*** Data shown Section Begins ***
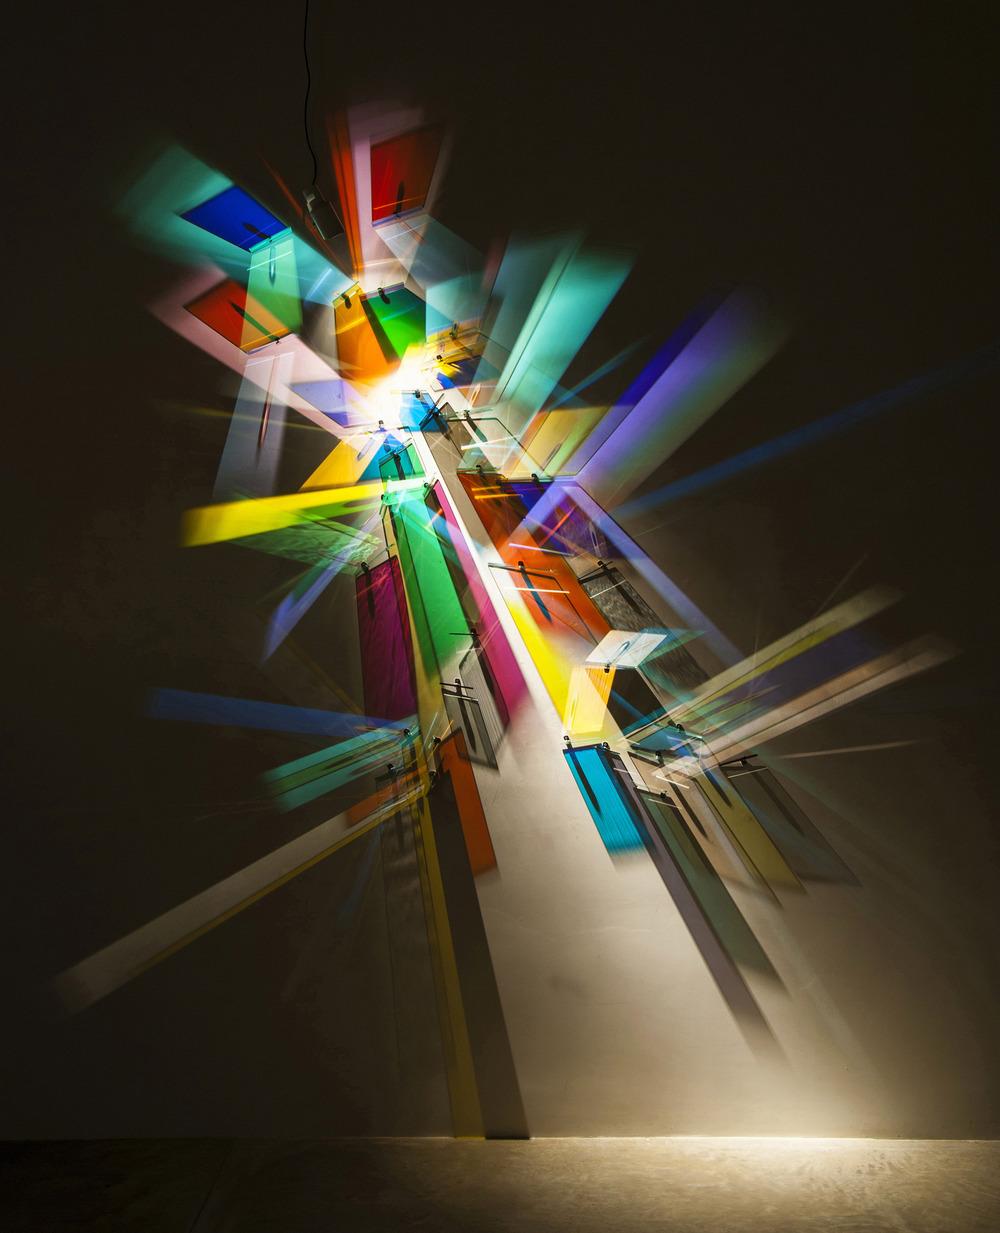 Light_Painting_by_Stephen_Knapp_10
*** Data shown Section Ends ***
*** Data shown Section Begins ***
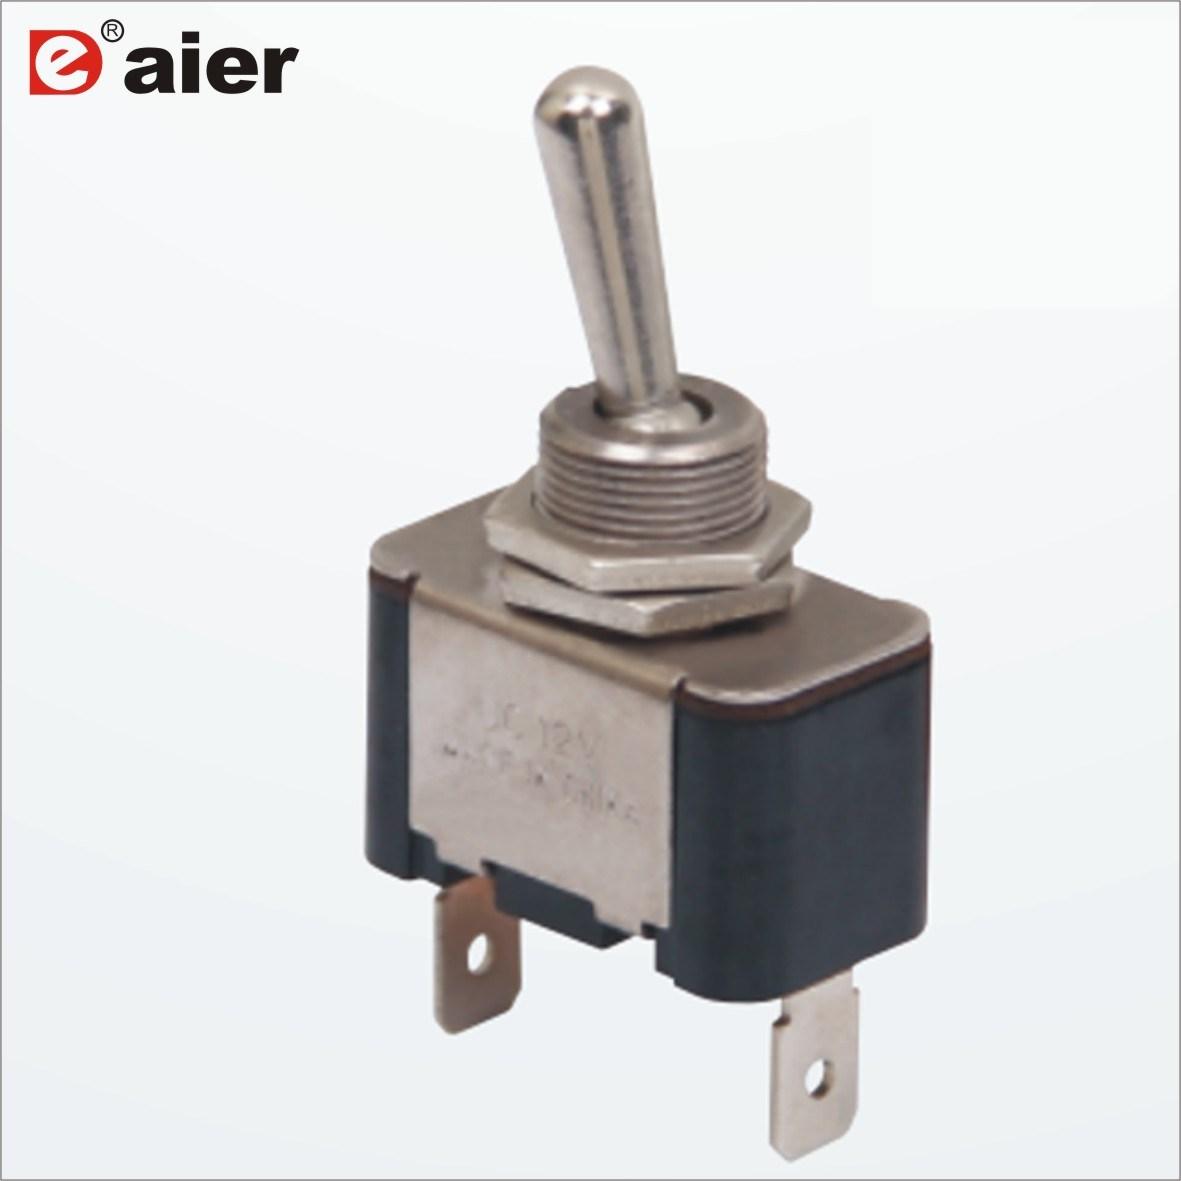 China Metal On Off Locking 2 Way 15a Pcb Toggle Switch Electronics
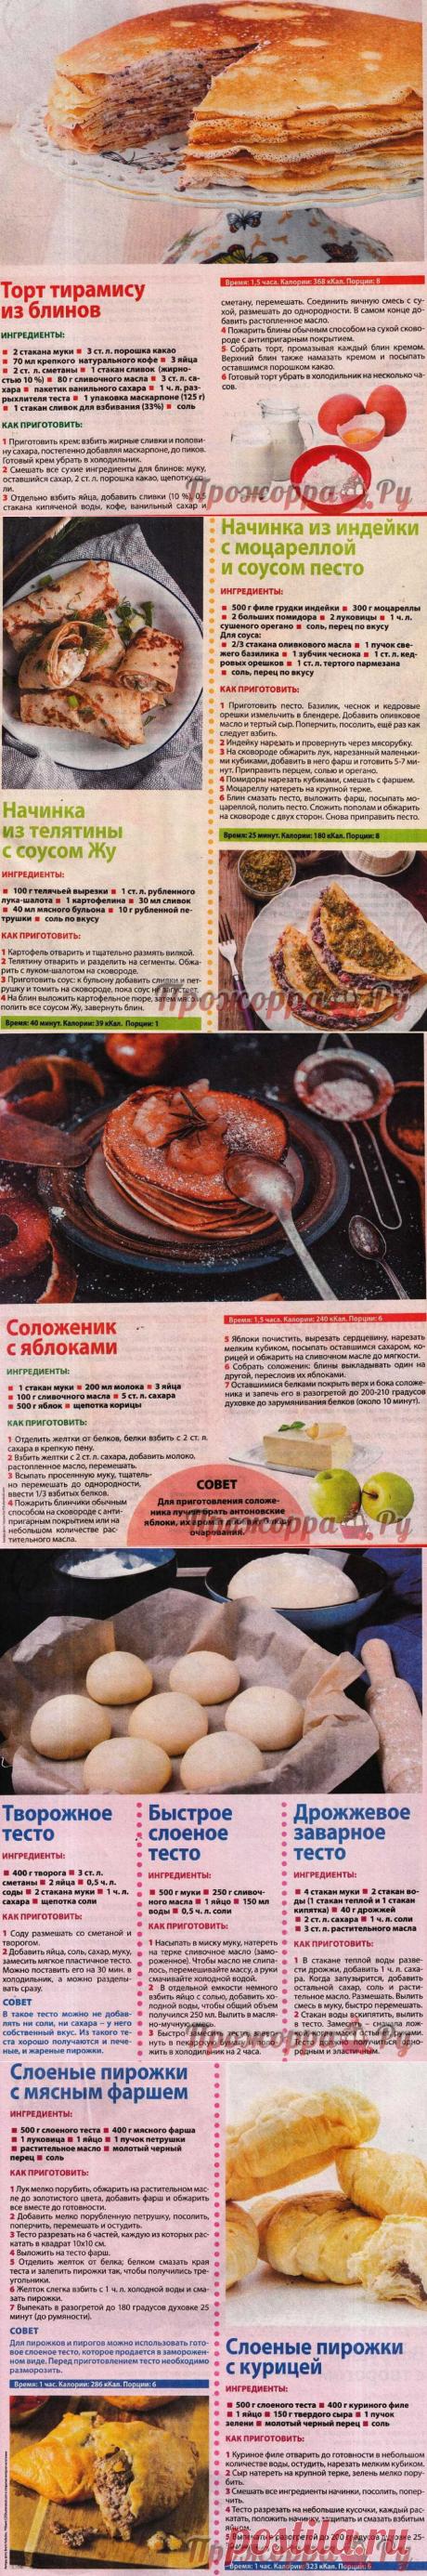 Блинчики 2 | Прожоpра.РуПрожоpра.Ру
*** Data shown Section Ends ***
### Required action
Look above for the line holding "China Metal On" and output everything from it down to the line holding "Блинчики 2 | Прожоpра.РуПрожоpра.Ру", both ends included, exactly and without images.

### Problem solution
 China Metal On Off Locking 2 Way 15a Pcb Toggle Switch Electronics
 Блинчики 2 | Прожоpра.РуПрожоpра.Ру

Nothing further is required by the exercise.